(Data extracted from a collection)
= = = = = = =

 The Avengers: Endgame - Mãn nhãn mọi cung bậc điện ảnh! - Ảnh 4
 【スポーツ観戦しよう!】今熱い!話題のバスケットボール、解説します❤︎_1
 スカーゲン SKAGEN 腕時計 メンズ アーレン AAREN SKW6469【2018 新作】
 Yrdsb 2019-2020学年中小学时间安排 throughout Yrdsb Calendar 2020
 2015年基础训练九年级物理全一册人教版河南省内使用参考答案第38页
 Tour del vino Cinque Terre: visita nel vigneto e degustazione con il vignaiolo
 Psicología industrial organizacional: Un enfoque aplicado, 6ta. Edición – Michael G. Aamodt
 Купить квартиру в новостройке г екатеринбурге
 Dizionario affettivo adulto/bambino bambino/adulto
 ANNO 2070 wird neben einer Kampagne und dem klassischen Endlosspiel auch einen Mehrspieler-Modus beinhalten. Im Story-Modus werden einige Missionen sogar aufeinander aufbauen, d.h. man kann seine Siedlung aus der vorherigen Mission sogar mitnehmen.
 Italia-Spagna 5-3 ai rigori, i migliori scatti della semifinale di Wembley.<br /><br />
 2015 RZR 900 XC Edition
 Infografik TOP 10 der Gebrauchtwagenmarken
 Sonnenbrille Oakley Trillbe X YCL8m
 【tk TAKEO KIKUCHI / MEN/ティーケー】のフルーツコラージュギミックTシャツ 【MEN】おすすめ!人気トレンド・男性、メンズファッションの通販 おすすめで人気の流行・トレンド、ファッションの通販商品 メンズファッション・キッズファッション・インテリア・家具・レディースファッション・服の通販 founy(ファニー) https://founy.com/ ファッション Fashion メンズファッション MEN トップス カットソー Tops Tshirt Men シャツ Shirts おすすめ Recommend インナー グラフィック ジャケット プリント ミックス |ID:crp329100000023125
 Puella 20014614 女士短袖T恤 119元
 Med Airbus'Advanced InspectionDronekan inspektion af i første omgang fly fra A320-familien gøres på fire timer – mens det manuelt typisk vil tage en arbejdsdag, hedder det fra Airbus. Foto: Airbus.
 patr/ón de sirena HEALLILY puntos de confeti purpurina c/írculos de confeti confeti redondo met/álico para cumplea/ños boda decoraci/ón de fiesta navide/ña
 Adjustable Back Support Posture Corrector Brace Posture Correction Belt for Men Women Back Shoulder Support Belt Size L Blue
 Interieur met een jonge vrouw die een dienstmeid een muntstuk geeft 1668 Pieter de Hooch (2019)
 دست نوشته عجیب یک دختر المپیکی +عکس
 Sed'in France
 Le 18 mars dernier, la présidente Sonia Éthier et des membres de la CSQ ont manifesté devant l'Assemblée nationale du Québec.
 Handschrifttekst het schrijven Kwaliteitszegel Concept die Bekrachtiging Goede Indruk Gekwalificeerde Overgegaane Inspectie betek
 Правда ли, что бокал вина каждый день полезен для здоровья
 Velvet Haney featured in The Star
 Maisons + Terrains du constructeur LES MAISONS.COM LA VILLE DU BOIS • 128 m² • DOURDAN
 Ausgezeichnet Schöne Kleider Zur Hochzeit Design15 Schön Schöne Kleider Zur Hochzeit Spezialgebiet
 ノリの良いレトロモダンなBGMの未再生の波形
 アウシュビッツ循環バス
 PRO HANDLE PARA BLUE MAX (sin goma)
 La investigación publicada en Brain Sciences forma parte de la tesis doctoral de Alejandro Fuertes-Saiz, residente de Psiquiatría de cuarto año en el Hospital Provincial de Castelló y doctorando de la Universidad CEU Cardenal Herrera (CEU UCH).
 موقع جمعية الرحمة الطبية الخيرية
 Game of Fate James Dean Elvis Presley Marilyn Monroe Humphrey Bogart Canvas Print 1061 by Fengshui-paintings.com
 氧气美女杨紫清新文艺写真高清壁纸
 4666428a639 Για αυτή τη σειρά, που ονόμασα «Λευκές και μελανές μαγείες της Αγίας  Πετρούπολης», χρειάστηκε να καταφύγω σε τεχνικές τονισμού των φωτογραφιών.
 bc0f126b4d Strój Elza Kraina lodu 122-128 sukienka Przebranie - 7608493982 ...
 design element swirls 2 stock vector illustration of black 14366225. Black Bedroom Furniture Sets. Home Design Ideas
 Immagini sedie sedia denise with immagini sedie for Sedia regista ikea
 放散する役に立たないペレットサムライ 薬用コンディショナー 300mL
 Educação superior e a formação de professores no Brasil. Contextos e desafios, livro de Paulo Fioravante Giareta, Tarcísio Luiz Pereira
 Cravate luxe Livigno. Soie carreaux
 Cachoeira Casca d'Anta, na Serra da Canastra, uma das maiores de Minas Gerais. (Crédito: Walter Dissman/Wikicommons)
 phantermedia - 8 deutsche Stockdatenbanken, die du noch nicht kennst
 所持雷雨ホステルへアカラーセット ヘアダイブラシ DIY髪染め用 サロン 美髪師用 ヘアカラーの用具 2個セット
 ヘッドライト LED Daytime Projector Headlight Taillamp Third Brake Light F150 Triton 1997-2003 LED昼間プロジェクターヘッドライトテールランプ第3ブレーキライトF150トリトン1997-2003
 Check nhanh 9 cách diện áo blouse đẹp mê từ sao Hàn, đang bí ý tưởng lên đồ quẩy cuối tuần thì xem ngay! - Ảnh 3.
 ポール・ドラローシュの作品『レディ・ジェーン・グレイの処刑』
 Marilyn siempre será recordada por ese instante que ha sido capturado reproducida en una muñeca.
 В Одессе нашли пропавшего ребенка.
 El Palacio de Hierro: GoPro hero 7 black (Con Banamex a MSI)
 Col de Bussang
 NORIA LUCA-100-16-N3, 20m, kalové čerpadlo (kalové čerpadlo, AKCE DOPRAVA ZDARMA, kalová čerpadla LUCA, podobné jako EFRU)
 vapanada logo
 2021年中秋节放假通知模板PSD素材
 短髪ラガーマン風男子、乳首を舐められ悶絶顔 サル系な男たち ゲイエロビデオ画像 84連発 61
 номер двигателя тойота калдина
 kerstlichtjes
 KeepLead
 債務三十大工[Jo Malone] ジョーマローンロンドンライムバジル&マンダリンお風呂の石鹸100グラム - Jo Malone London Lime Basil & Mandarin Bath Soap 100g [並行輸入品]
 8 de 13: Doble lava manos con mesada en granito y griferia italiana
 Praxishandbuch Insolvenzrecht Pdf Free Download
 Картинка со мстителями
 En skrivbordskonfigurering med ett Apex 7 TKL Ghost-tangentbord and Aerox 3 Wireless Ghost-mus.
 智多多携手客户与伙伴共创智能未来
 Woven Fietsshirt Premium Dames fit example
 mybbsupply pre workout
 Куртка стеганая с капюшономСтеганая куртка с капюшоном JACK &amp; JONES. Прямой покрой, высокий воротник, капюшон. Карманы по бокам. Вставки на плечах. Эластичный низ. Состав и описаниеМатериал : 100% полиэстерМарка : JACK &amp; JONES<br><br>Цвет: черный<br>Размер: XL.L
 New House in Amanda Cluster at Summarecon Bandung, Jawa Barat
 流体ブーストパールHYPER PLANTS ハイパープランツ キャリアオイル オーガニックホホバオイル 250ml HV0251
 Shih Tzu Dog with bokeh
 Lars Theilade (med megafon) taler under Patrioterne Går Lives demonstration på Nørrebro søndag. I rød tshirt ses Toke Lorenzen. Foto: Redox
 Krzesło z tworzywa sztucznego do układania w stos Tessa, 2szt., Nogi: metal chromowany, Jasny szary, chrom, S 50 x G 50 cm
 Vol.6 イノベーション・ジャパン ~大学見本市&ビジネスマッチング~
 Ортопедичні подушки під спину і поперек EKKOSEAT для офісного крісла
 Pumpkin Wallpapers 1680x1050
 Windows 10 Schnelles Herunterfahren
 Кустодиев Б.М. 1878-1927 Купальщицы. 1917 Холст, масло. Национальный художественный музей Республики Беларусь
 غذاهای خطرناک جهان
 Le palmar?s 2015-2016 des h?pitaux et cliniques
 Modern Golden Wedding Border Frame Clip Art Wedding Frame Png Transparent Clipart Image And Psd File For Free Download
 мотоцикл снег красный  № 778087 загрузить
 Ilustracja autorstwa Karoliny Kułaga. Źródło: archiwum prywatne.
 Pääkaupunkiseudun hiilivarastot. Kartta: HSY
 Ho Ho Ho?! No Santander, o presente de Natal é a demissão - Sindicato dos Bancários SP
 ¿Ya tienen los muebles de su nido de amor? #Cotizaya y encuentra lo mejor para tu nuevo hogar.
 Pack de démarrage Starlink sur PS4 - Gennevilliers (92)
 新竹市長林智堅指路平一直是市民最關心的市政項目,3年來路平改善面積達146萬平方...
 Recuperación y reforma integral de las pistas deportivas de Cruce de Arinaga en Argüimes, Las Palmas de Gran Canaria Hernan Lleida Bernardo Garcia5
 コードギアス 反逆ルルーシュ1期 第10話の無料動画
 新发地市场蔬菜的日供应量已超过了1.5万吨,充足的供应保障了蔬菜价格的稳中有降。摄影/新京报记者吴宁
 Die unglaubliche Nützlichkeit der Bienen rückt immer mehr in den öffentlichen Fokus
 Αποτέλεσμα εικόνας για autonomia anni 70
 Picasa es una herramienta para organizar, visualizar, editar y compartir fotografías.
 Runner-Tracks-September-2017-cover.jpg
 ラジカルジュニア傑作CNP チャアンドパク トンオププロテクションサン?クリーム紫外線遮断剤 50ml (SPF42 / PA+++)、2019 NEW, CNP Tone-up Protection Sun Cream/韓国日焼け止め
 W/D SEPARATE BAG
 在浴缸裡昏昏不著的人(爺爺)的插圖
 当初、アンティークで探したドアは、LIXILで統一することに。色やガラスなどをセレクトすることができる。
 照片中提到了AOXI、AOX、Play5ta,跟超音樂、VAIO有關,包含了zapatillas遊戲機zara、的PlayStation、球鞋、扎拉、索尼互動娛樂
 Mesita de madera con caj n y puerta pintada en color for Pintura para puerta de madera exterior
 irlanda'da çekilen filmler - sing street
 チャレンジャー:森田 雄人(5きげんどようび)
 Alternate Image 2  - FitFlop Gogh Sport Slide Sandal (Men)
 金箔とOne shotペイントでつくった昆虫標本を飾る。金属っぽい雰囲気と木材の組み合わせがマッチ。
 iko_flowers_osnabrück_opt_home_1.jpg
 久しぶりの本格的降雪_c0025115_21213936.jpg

= = = = = = =

#### [What to produce]
Print again the lines of the entries above that fall between the line holding "موقع جمعية الرحمة الطبية الخيرية" and the line holding "4666428a639 Για αυτή", inclusive, exactly as they stand.

#### [Solution]
 موقع جمعية الرحمة الطبية الخيرية
 Game of Fate James Dean Elvis Presley Marilyn Monroe Humphrey Bogart Canvas Print 1061 by Fengshui-paintings.com
 氧气美女杨紫清新文艺写真高清壁纸
 4666428a639 Για αυτή τη σειρά, που ονόμασα «Λευκές και μελανές μαγείες της Αγίας  Πετρούπολης», χρειάστηκε να καταφύγω σε τεχνικές τονισμού των φωτογραφιών.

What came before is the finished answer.